> [Work item] Print nothing except the lines of the listing below from the line with "進撃の巨人の重要ワード「巨人」" to the line with "Anhänger whitegold 585 mit Perle, 2,48 g", each exactly as written, both ends included.

> [Excerpted data]
________________________

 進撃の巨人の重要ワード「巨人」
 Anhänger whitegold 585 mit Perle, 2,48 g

________________________

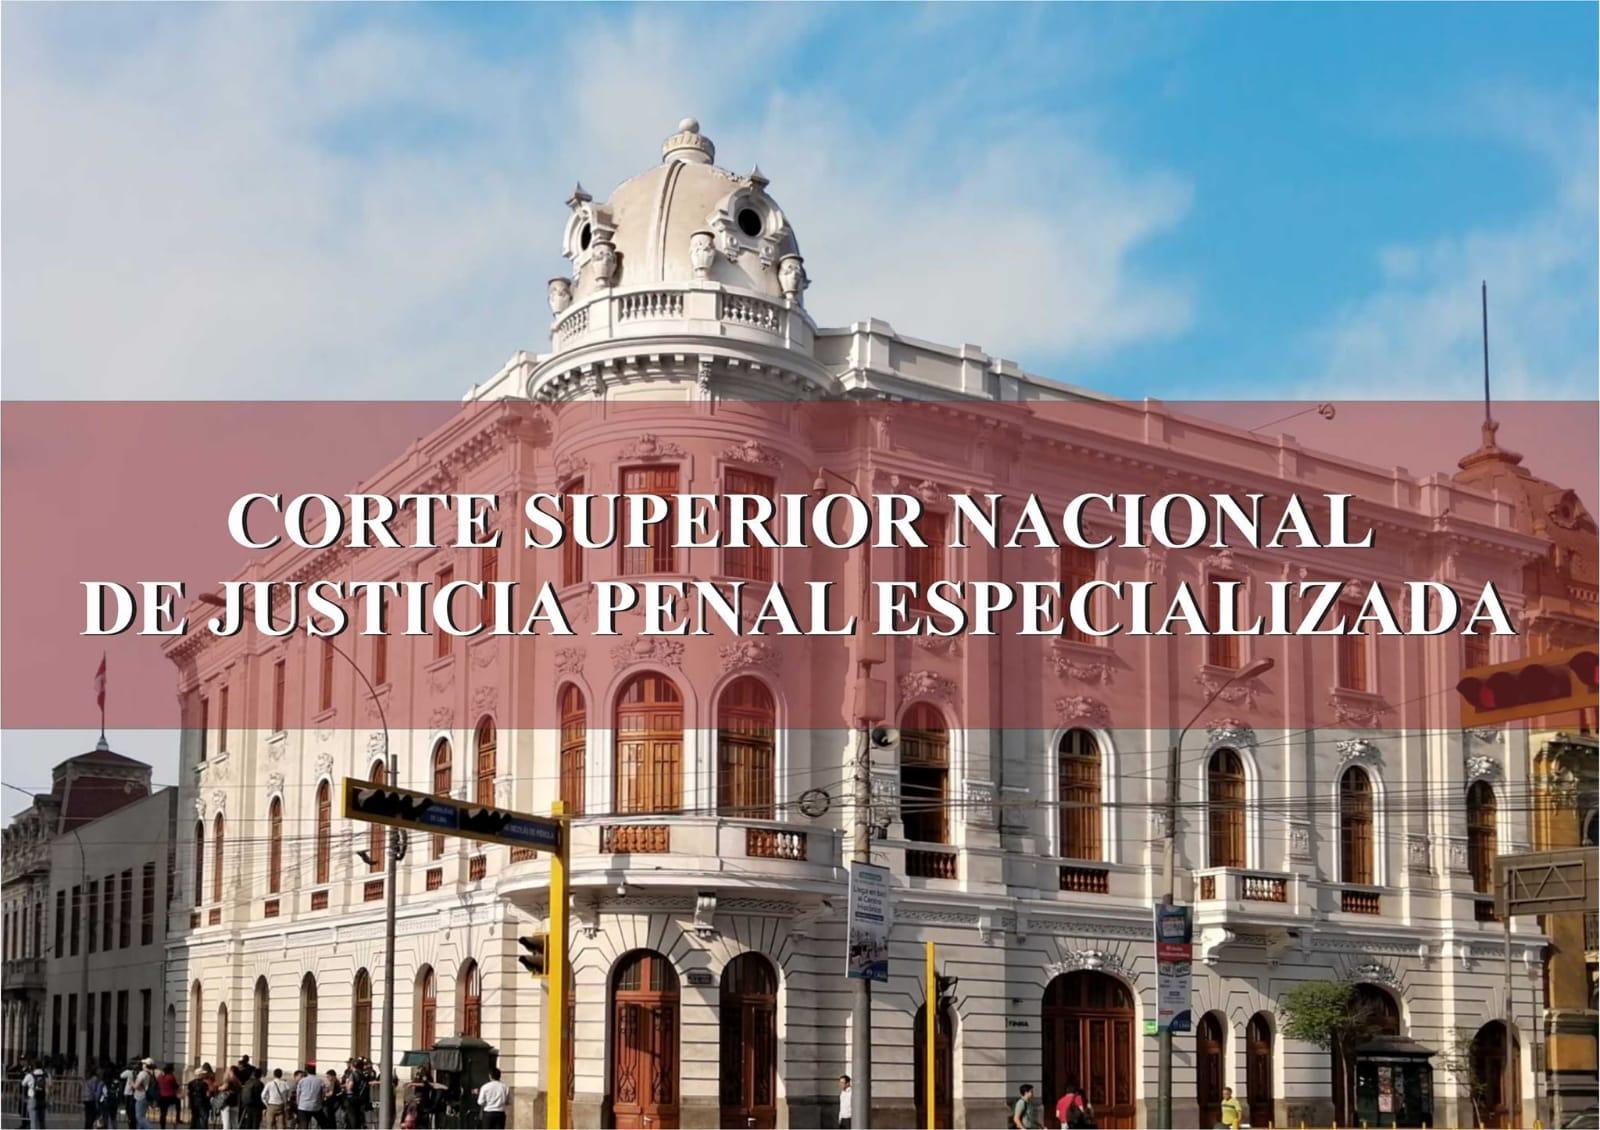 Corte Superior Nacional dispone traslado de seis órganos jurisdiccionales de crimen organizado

________________________

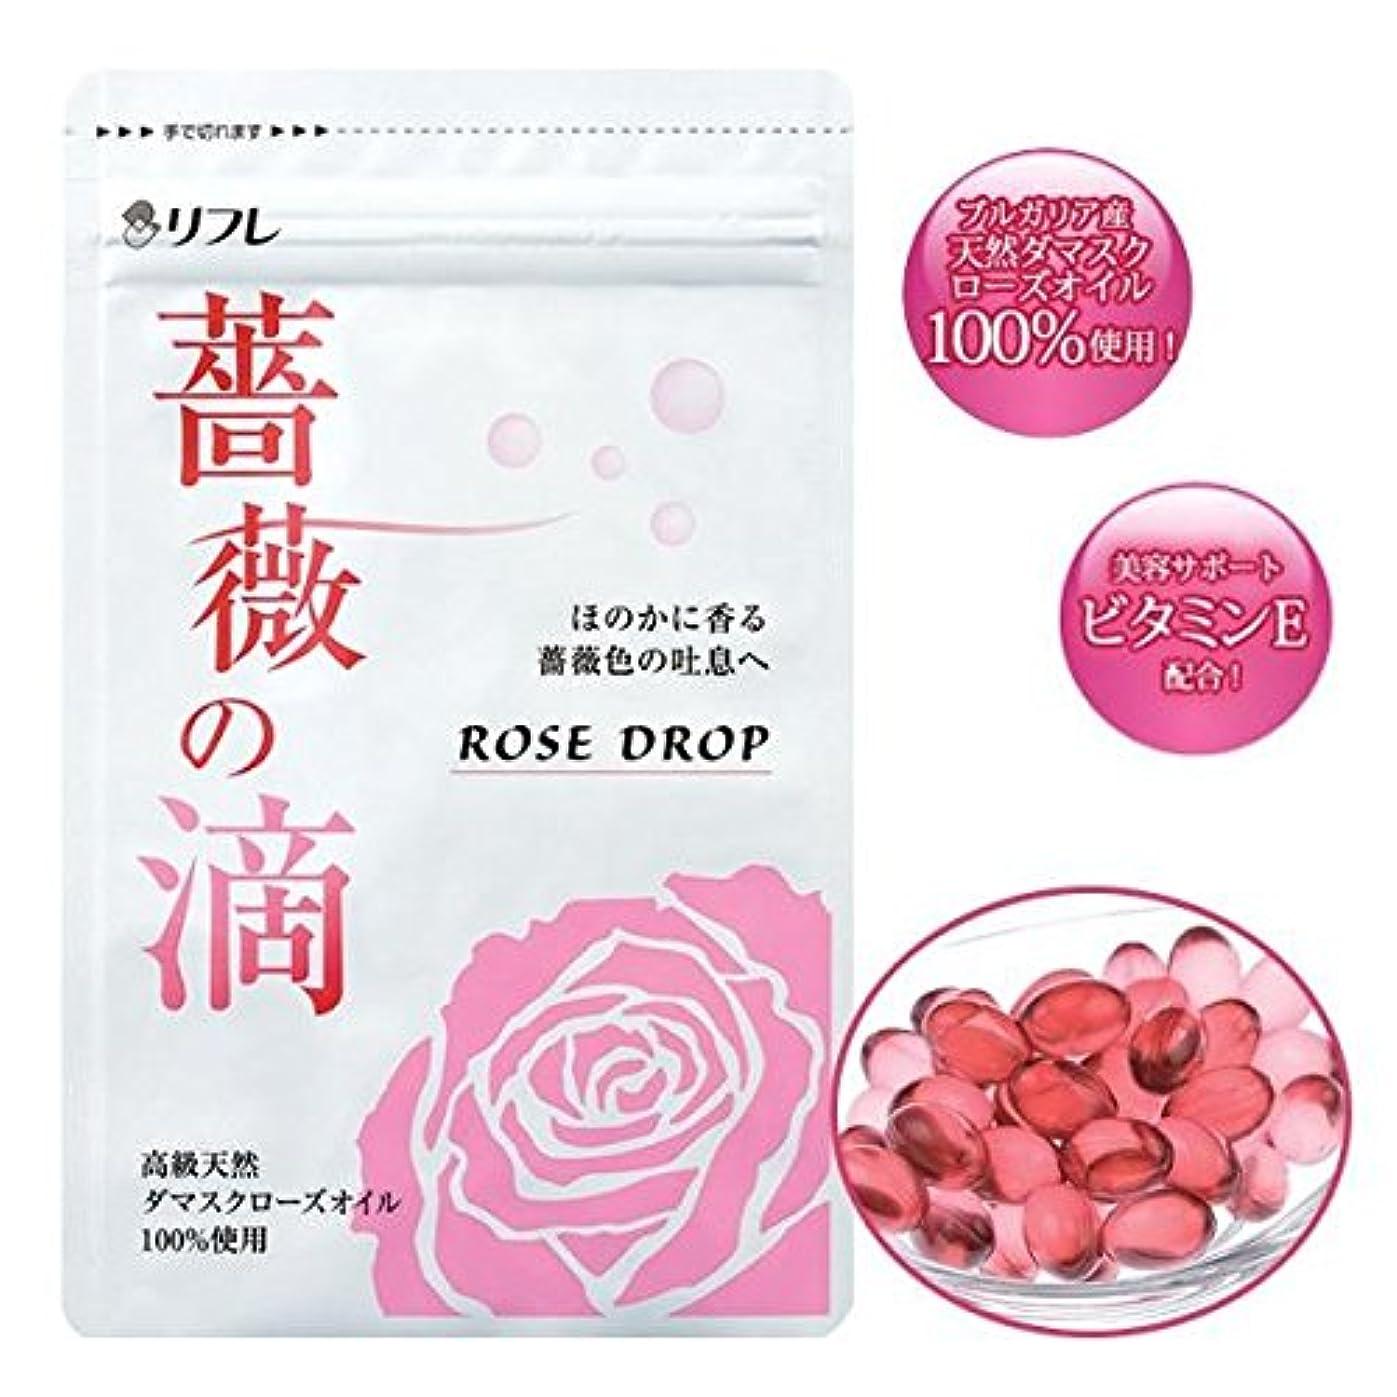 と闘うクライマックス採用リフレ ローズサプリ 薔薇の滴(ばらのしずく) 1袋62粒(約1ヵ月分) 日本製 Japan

________________________

> [Exercise answer]
 進撃の巨人の重要ワード「巨人」
 Anhänger whitegold 585 mit Perle, 2,48 g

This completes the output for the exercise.